I find the following analogy helpful for thinking about consciousness. Has anyone seen anything similar?
Thanks,
Victor C. te Zinnen
In the below, I give an analogy that (in my mind) illustrates some issues in the philosophy of mind, including
the explanatory gap, qualia, the problem of other minds, etc.
Imagine we come upon a computer that is running a simulation. Specifically, the computer is simulating a world much like our own,
with its own laws of physics, and advanced biological creatures much like ourselves. On the monitor and through the speakers,
the computer is displaying the perspective of one of these creatures. Let us use the name "C" to refer to this distinguished
creature. We may or may not be able to affect C's actions using the keyboard and mouse, but for simplicity, let us say that we are
not able to do so; all we can do is watch, seeing through C's eyes and listening through C's ears.
If we watch the simulation long enough (and if C takes interesting enough actions in the simulated world -- for example, looking
through a microscope), we may obtain a very good idea of the laws of physics in this world. Let us make an extreme assumption
and suppose that we come to completely understand these laws; moreover let us assume that we completely understand what the initial
state of the simulated world was. In a sense, we now understand a large part of the source code for the simulation program:
the part that concerns the physics of the world. This code could have been written in different ways, but these ways would all
be equivalent in terms of the effect that they produce. But this cannot be all the code; there must be some additional
code that regulates the display of C's senses to us. This is the part of the code that makes C the "distinguished" creature.
It is also the part that, for example, determines which part of the simulated world's light spectrum to display to us in red
(the physics of the world would have remained unaffected if it had displayed this to us in blue instead).
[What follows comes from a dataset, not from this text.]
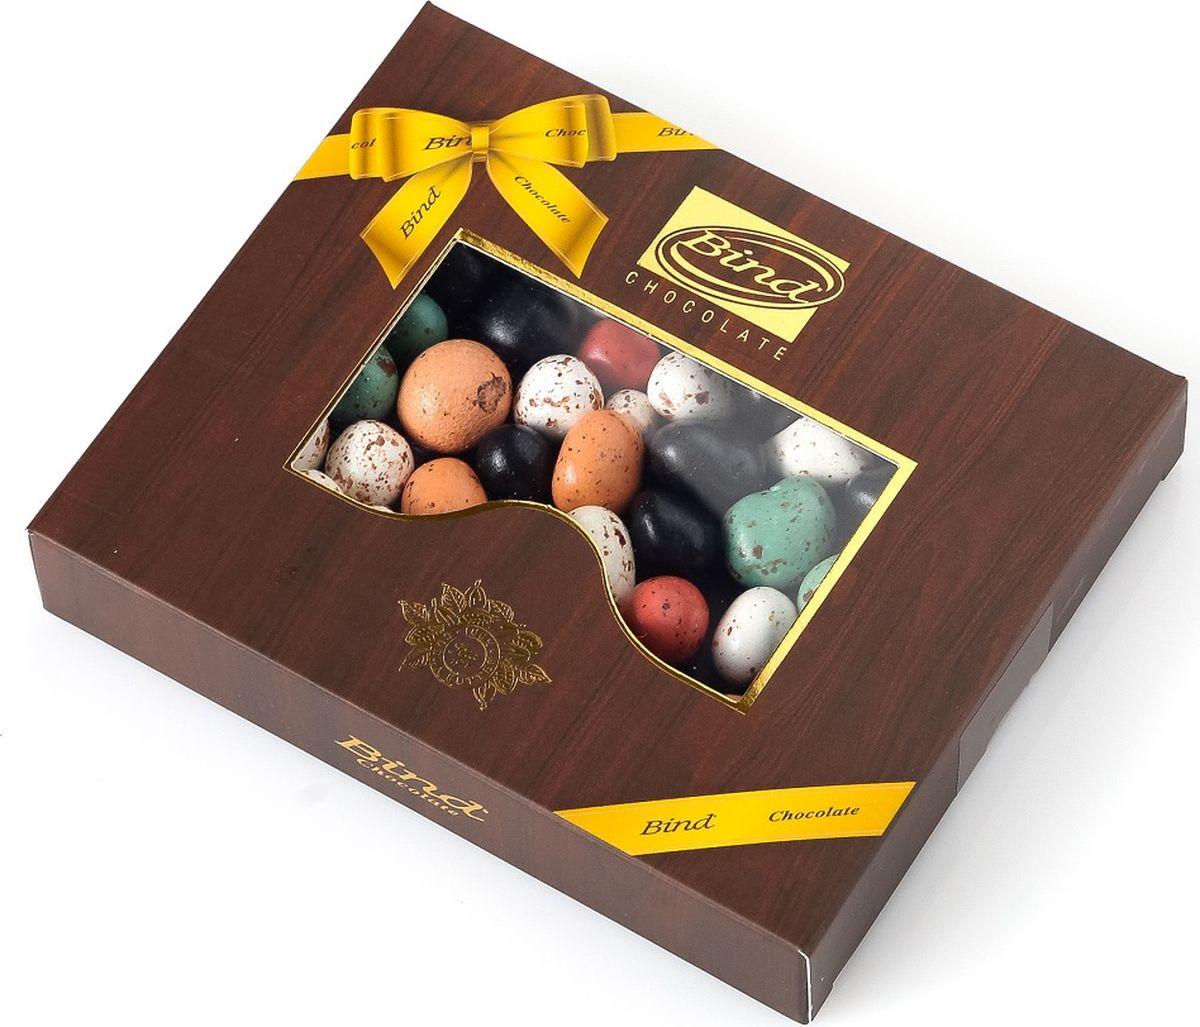 Bind шоколадный сладкий гравий с абрикосом в глазури драже, 100 гPCK-6518.100Bind Сердце - это 100% натуральная продукция ручной работы премиум класса.В составе шоколадных изделий - только качественные, натуральные дорогие ингредиенты.

It is conceivable that C is not as distinguished as it seems to us. For example, the computer may in fact be connected to many
other computers, each of which displays the perspective of a different creature in the simulation. (In addition, perhaps the different computers
display different times within the simulation, so that not even the current time in the simulation is distinguished.) The
computers may also choose different ways of displaying the simulation, with one choosing to use red where the other uses blue.
Nevertheless, this does not affect the argument that the code that deals with the physics of the world cannot be the entire
source code: there must still be additional code that regulates which creature's perspective (at which time in the simulation)
is displayed on which machine, and how this perspective is displayed.
I imagine that little in the above argument is in and of itself controversial. What is undoubtedly controversial is whether the above
situation is similar to our own life. Is my perspective, at this point in time, in any sense "distinguished"? Is there some
metaphysical source code that is regulating this distinction? Certainly, the laws of physics as we know them do not seem to explain such
a distinction. Also, do the laws of physics fail to explain "what it is like" to see red, and if so, is there some additional
metaphysical source code that determines this?